Sounds good. I didn’t mean to suggest increasing the sleep as a solution; I just wanted to probe the symptoms. What you observe does suggests that indeed something is not closing correctly, or not waiting for it completely, even when the thread is joined, yet it does eventually close within a second, and that’s useful to know. (And a hack such as waiting 50-100 ms after the join might possibly help if we can’t get to the bottom of the problem.)

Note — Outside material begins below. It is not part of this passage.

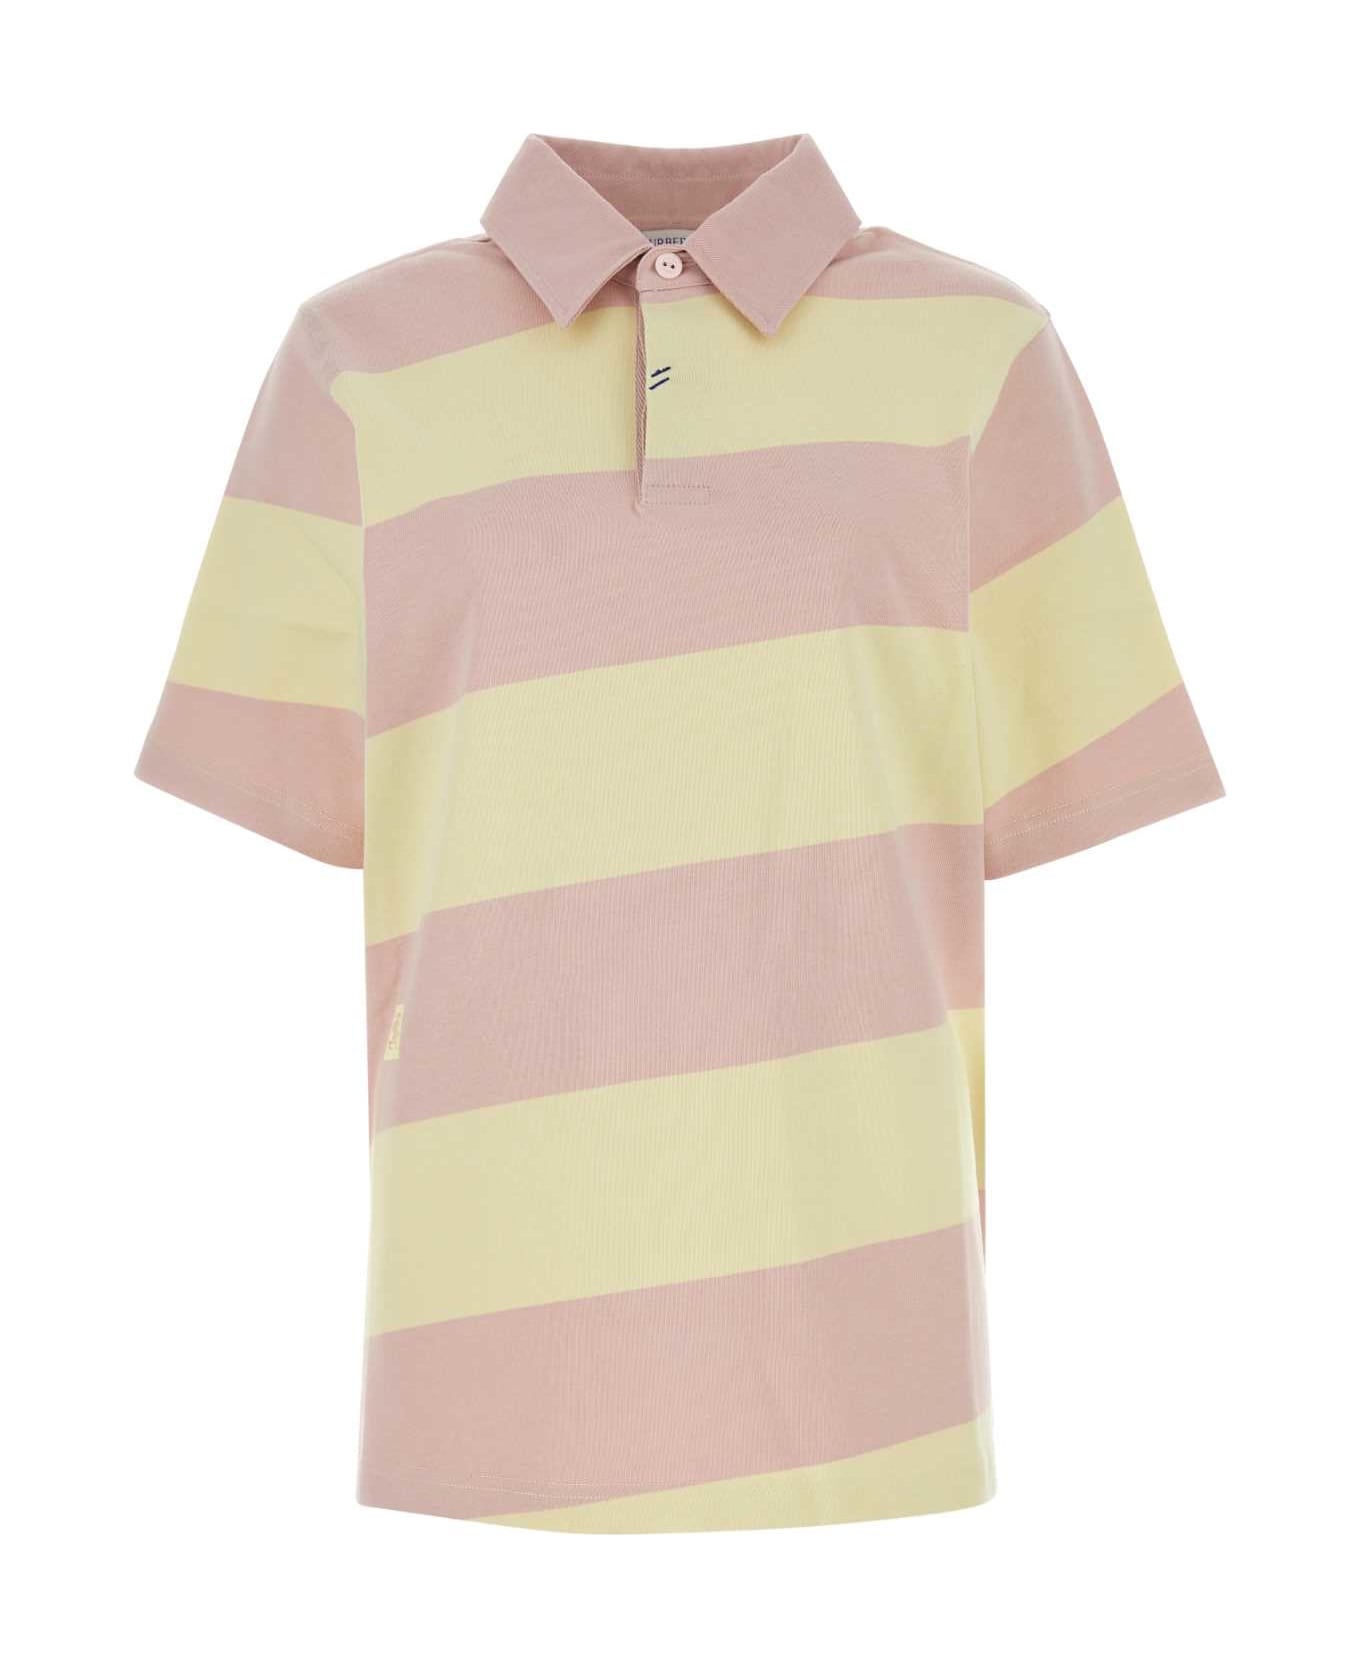 Burberry Embroidered Cotton Polo Shirt - CAMEOIPPATTERN
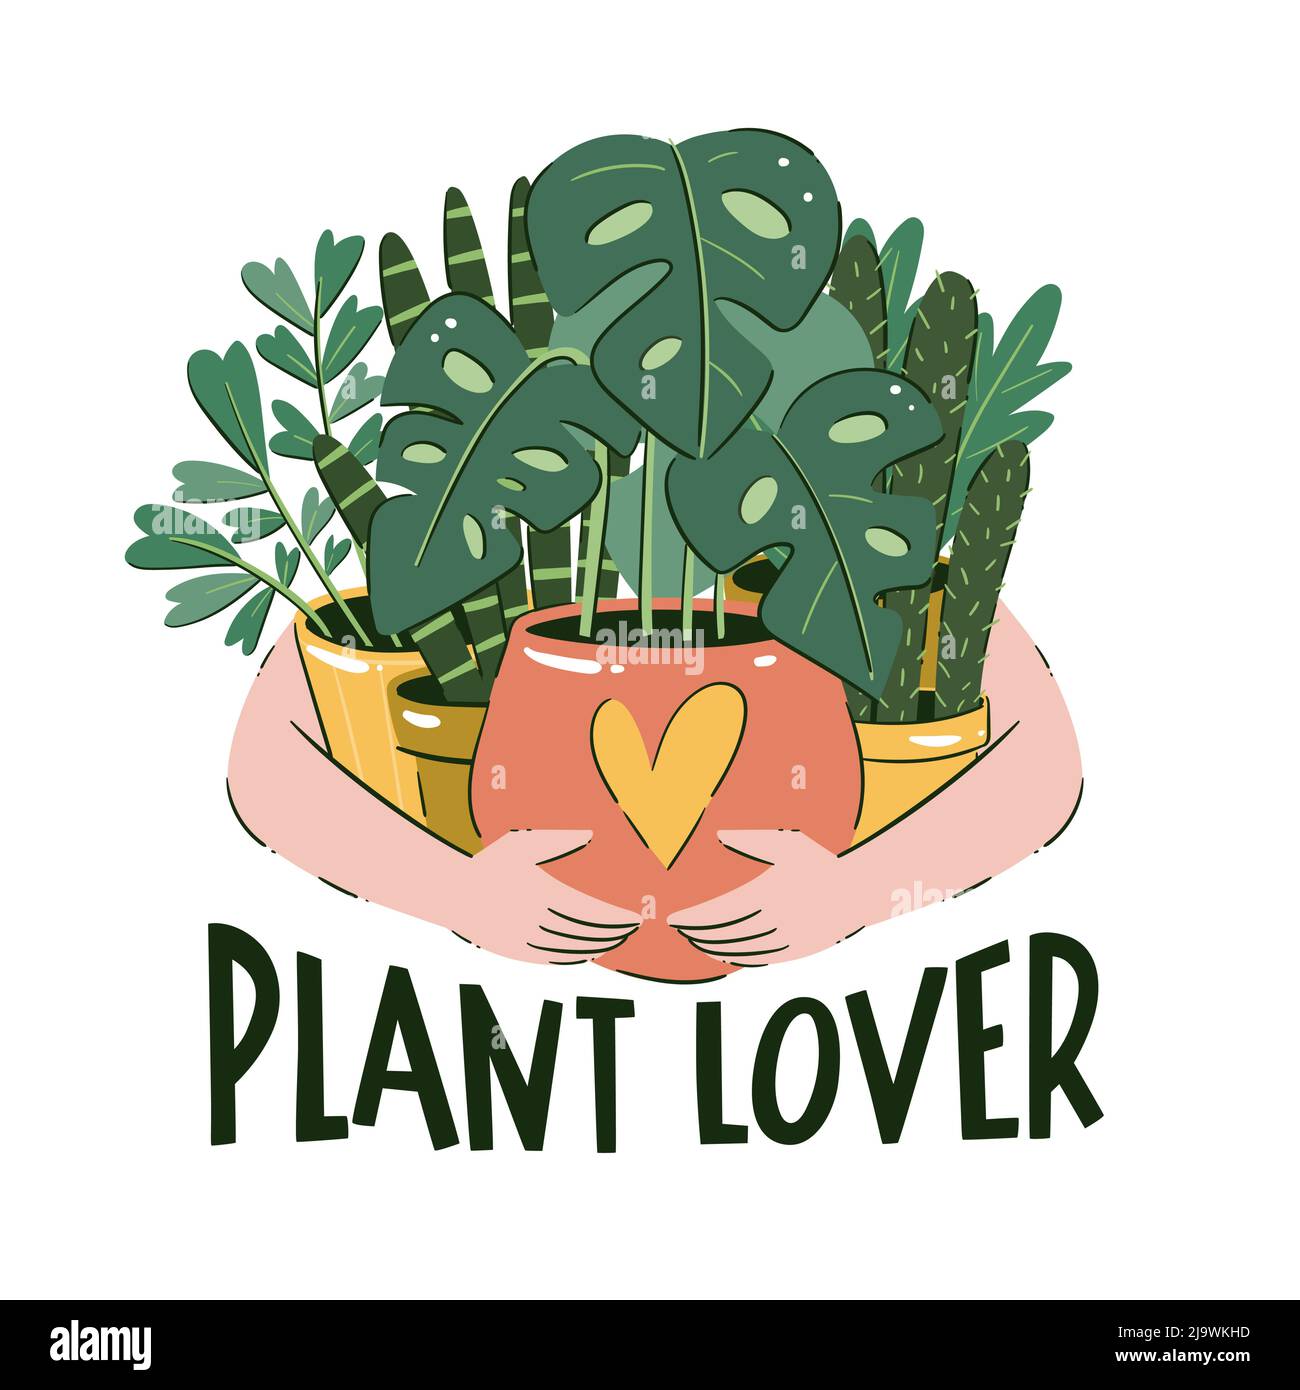 Plant lover concept. Someone is holding a bunch of house plants in their pots. Hand-drawn vector illustration. Stock Vector

I created a ticket for this: SerialManager fails to reopen just-"closed" port · Issue #1254 · micro-manager/micro-manager · GitHub and will try to investigate.

As for the latencies with the FTDI chip: does this document shed any light? https://www.ftdichip.com/Documents/AppNotes/AN232B-04_DataLatencyFlow.pdf (especially section 3.1)

Thanks Mark. Yes, the reasons for extra data latency on USB-to-serial chips are fairly clear. I thought I should mention it though in case there were issues on opening/closing which are specific to USB-to-serial devices, otherwise someone working with a “real” serial port might report they can’t reproduce it.

Good luck with this one - issues like this are always a pain to figure out!

This is hopefully fixed now (details at the GitHub issue).

Thanks Mark, and your writeup on your investigation makes fascinating reading. That’s a really nasty one! As much as I dislike sleeping and hoping it’s long enough, I completely agree that there’s no obvious other way out of a driver/kernel bug.

Glad you liked it. Serial ports are probably more sensitive to this kind of issue because they are the first devices to be initialized and the last to be shut down in most real config files.